While Hayden believes it will be quite a while before general market deal flow picks up again, he points out that Sovereign has continued apace, completing four platform investments, six bolt-ons and eight roll-outs in the last 12 months. The firm's success, he says, is a direct result of Sovereign's six-strong origination team, which allows the company to source deals directly, not having to rely solely on intermediaries.
Vendor-financing, unlike mezzanine funding, has been a trend Hayden has definitely noticed in his deal flow. Nowadays, most vendors are selling not to maximise price, but rather because of personal reasons like retirement or divorce. Owner-managers are dominating the vendor market right now, and they are prepared to finance to ensure their companies remain secure in the hands of others. In fact, owner-managers are the reason why there is a continual flow of small businesses in the UK, and why there are so many private equity houses that focus on the lower mid-market.
"The small market has always been strong because the drivers for owner-managers wanting to sell have always existed.

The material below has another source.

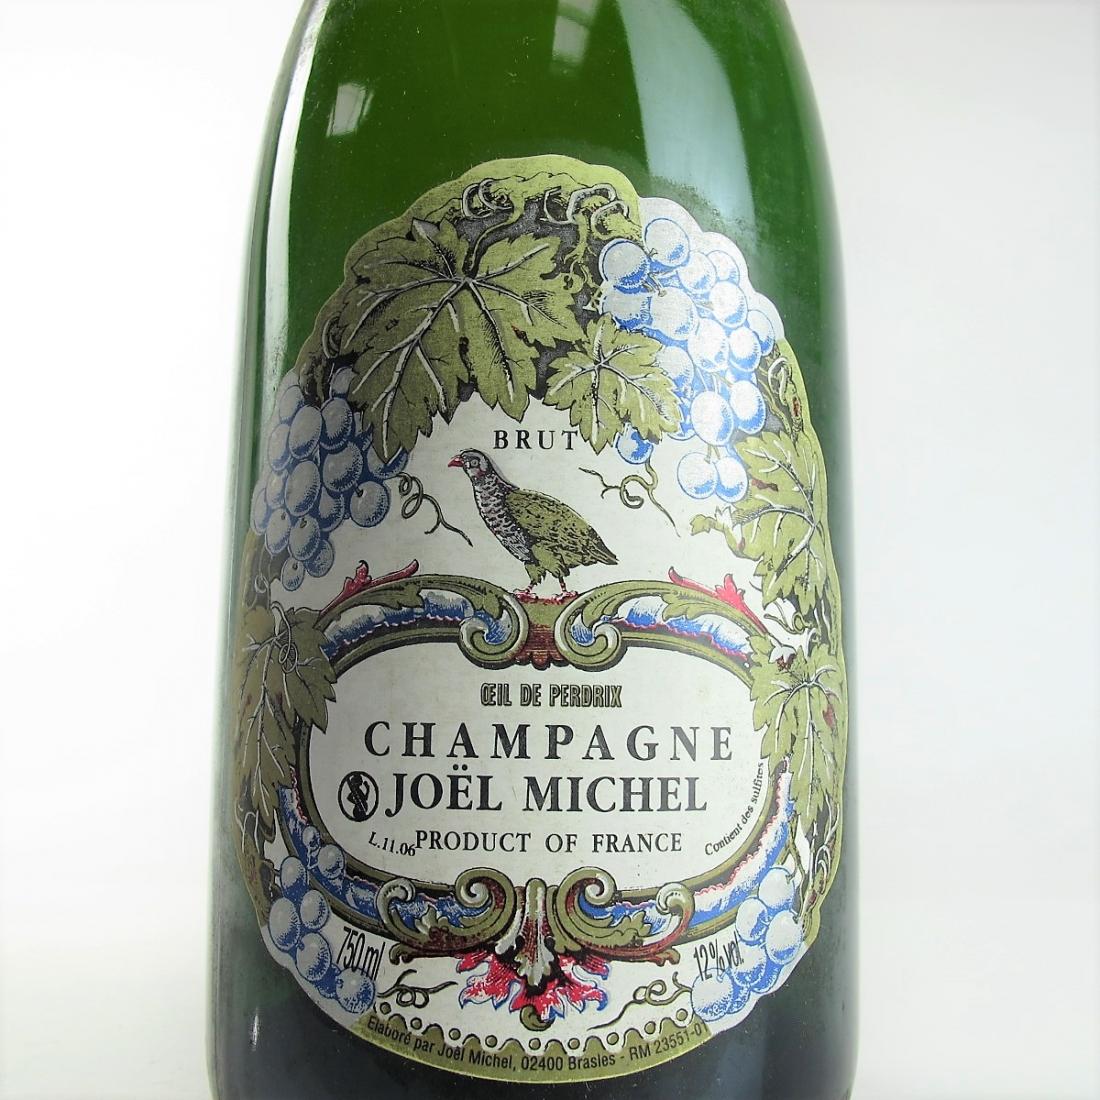 Joel Michel Brut NV Champagne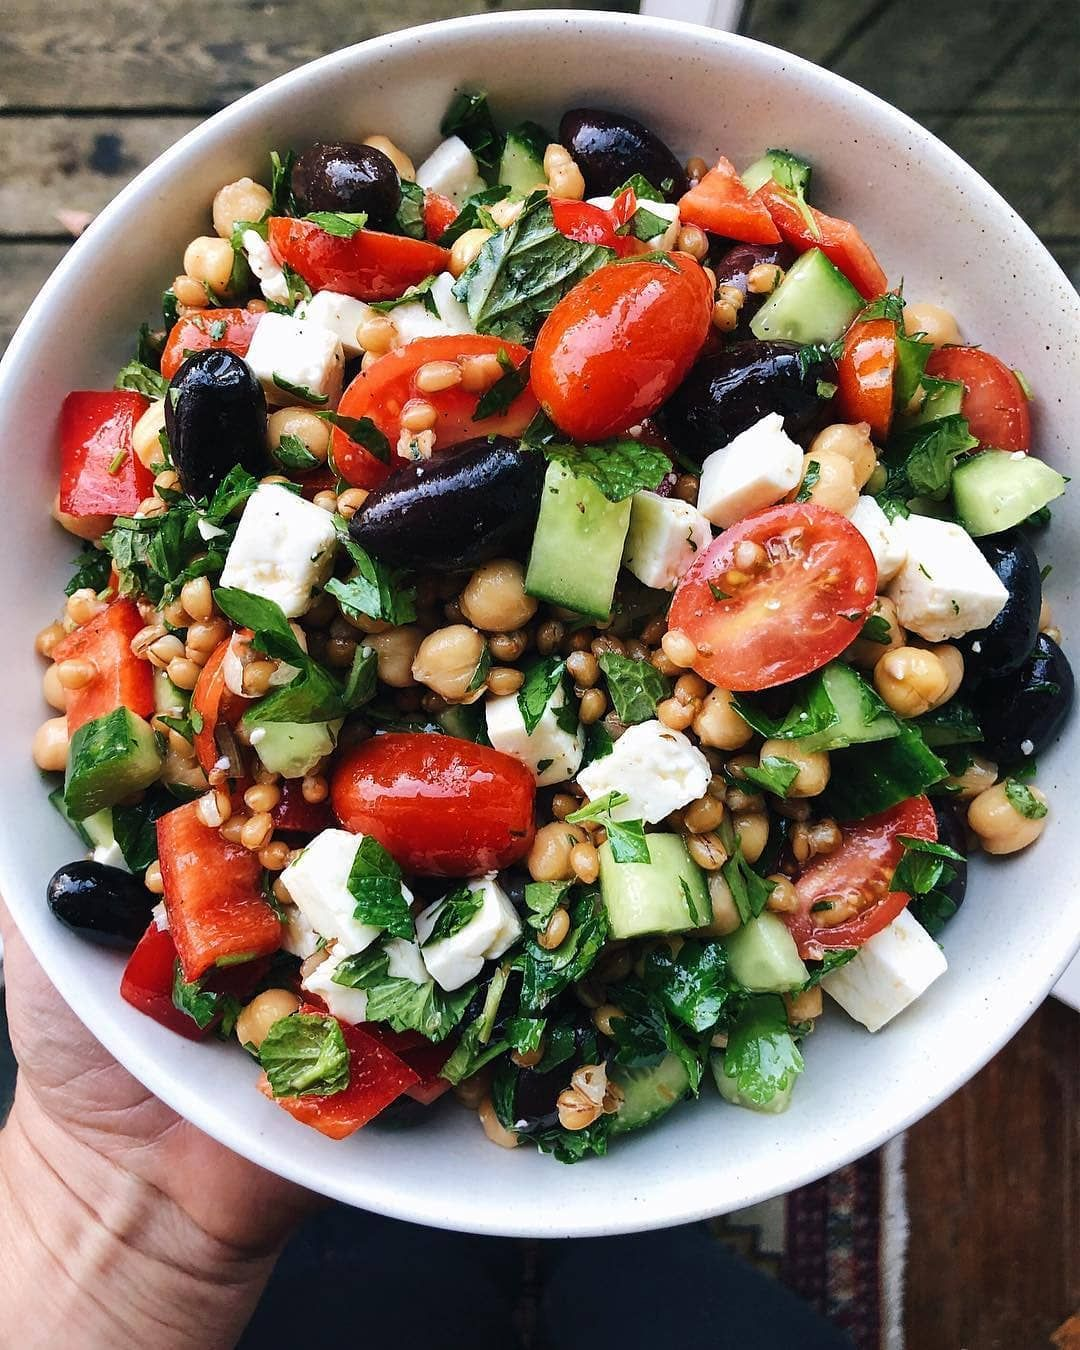 Healthy Vegan Recipes On Instagram Greek Wheat Berry

The capital gains tax regime is also an incentive to sell your business, especially now with the increased income tax rates," says Wignall.
The smaller buyout space is, thus, a relatively healthy one compared to its larger counterpart, owing to the fact that less debt is used, and as a result, there are arguably fewer deals under stress. Aneizi says that Baker Tilly has closed a deal per month ever since Lehman's collapse, largely a result of the firm's focus on transactions in the £10-50m range: "Going forward, our pipeline is building nicely and is looking good. There are a mix of opportunities we're working on, including MBOs, sell-side mandates and of course, deals involving distressed stakeholders."
The question is whether larger mid-market houses and their investors will attempt to get in the smaller end of the game. Industry professionals are beginning to become increasingly interested in pursuing a career in the lower mid-market because of the varied work and the opportunity to work more closely with management.
"There is evidence of larger buyout houses having more of an appetite for smaller deals, but it is a very different approach. The smaller buyout market is more management focused and there is less room for error. They would have to tailor their approach accordingly," says Aneizi.
Turner is of the same mind: "It will be a very long time before banks will lend to the levels they have previously, so larger houses need to think of new ways to make money. They may have to re-invent themselves, but it will be difficult for larger firms to get into the smaller market and prove they are for real, especially with the banks.
"There's a lot of chat, but it is harder than people think. It seems like a good idea, but are they really hungry enough to go the hard yards to generate dealflow?" It may be that some mid-market houses are gravitating towards the smaller space simply as a way to keep busy in this dearth of deal activity.
LPs, however, are a different story. Investor interest in the lower mid-market is building, especially with the shortage of deals on the other end. Hermes is one of many private equity investors that has recently begun to focus on the UK lower mid-market sector again as a result of the sale of its direct investment business, which has allowed the investor to broaden its remit. Aneizi asks: "If I were an LP, I would certainly reconsider my investment strategy. Key questions are - where are you most likely to get a return and where is the dealflow in this climate?"